Anyway – back to what I was saying. This story covers those in-between years before the reunion at Otik’s. Here, Raistlin and Caramon are journeying together, looking for work, when they come across a strange little town willing to pay a very hefty fine to have their missing cats located. Seems easy enough, but when the mission is thwarted before it even begins (read: assassins attack the brothers) Raistlin can’t let go of a good mystery. Plus… a little something in his dreams and a connection to a holiday of dark magic lead him to believe that there is more to this particular town and the disappearance of its feline denizens than meets the human eye (the golden hourglass eye, on the other hand, may have an inkling of what is really going on). Along the way, Raistlin, Caramon, and a hang-on Kender sidekick named Earwig run into a centuries’ old scheme leading back to the dark goddess herself. Only time and an unlikely alley can help them keep Takhisis at bay.

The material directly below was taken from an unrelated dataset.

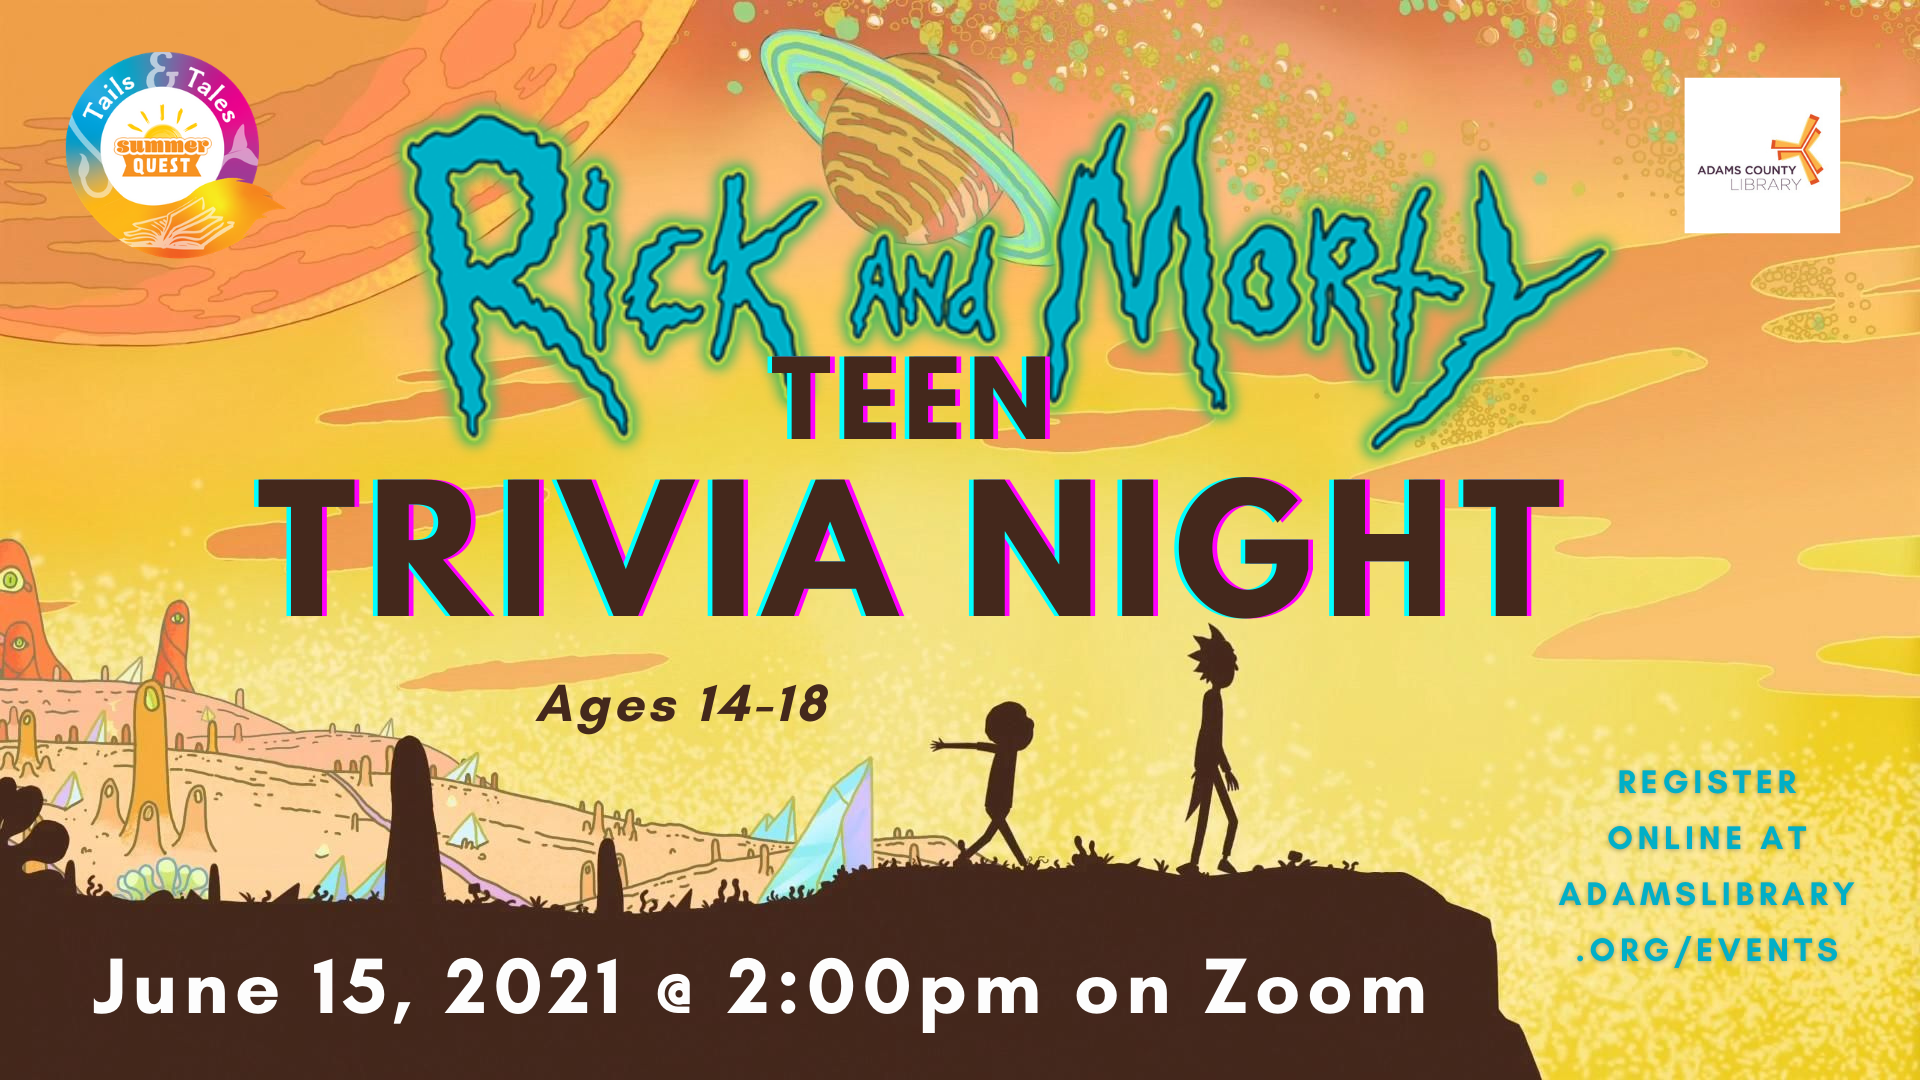 Join us for Teen Trivia Night featuring Rick & Morty on June 15, 2021 at 2:00pm!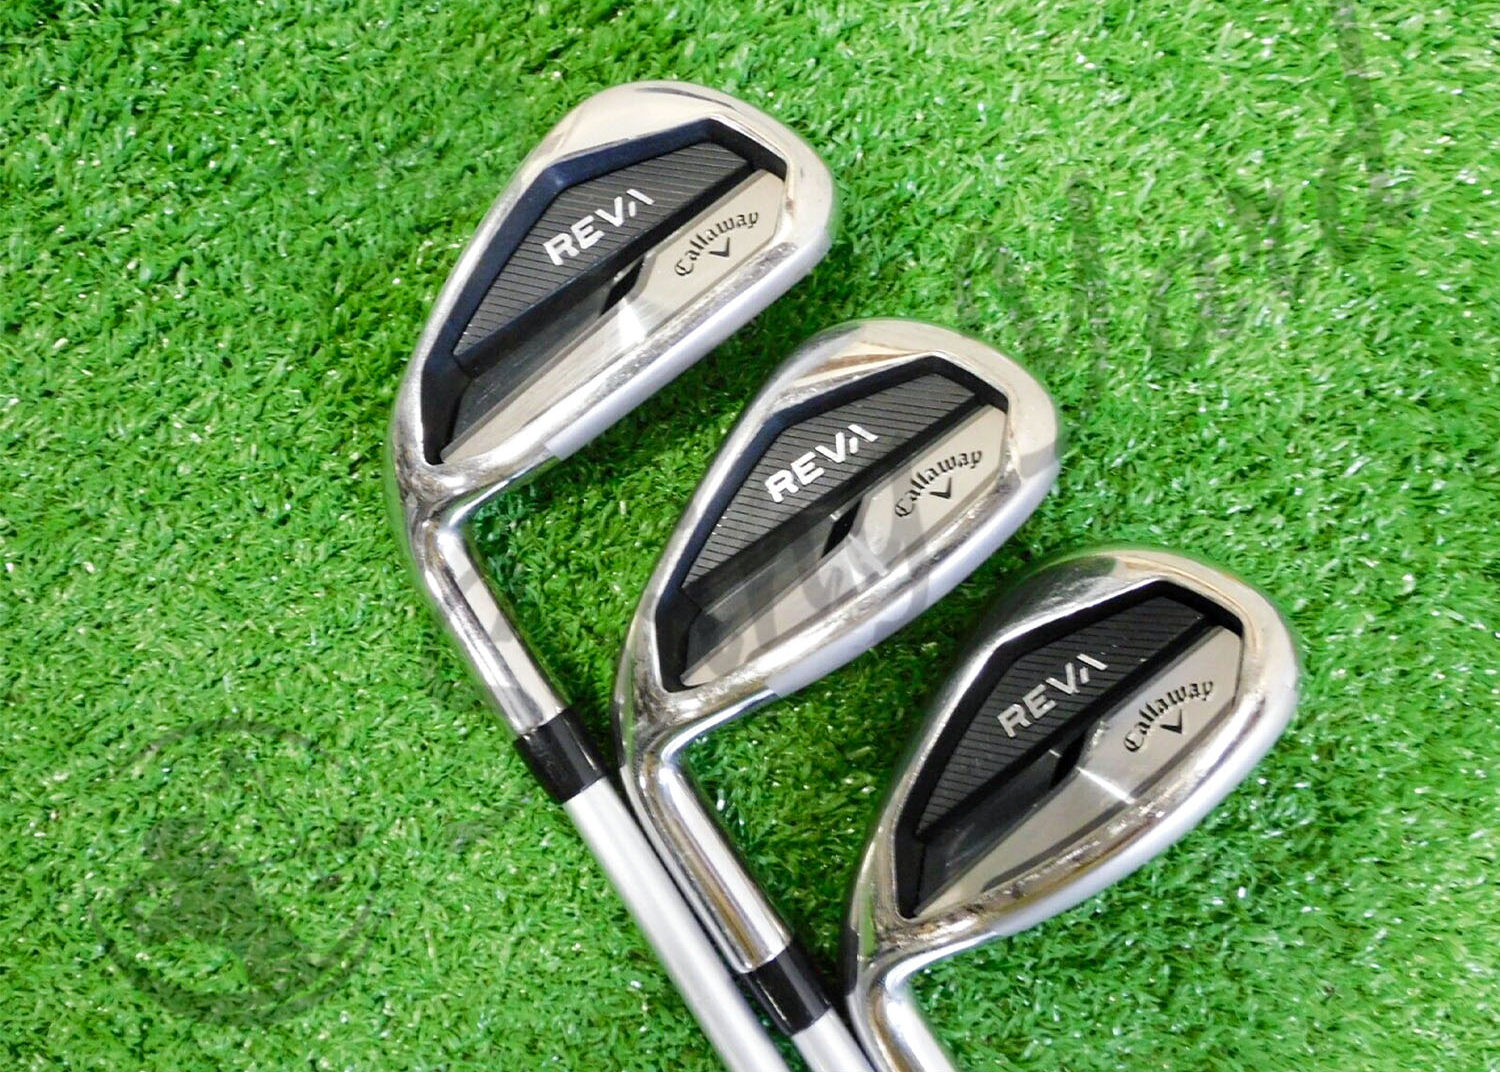 The Callaway Reva Irons for testing at the golf course

As you might note from the summary, The Brothers Majere has a major problem: Raistlin and Caramon are aware of Takhisis’ desire and work to force her way back into their plane of reality, which is a major plot point in the Chronicles series. And during this famous series, Raistlin and Caramon are not in the know and remain just as surprised as everyone else by Takhisis return to this earth and the presence of her minions. So…. Ooooops.
For all that though, the story which started slow (and kind of silly) grew on me. The city’s feline populace is actually its ancient defenders and their disappearance hints at the type of evil that has entered. As Raistlin searches for the cats, he encounters everything from a powerful demi-god shapeshifter to an evil lich lord, all while the author further explores the brother’s troublesome relationship and the underpinnings of jealousy that will someday lead to the ultimate and final betrayal. It’s a fun story, surprisingly gruesome in parts with an interesting mystery that has an almost Egyptian theme. The hints it has about the brother’s future in the all out war with Takhisis don’t fit the legacy that is inherited, but for readers willing to turn a blind eye, it’s a pretty good and fun romp with some of our favorite characters. It’s not the best or most shining Dragonlance story, but it still has its moments, and even the Kender (side characters who usually annoy me) was amusing at the right time and mischievous at the right time, propelling a slow-starting story into something more powerful and more enjoyable. Recommended for Raistlin fans (and those who like to see portions of the domain’s other dark wizard, Dalamar).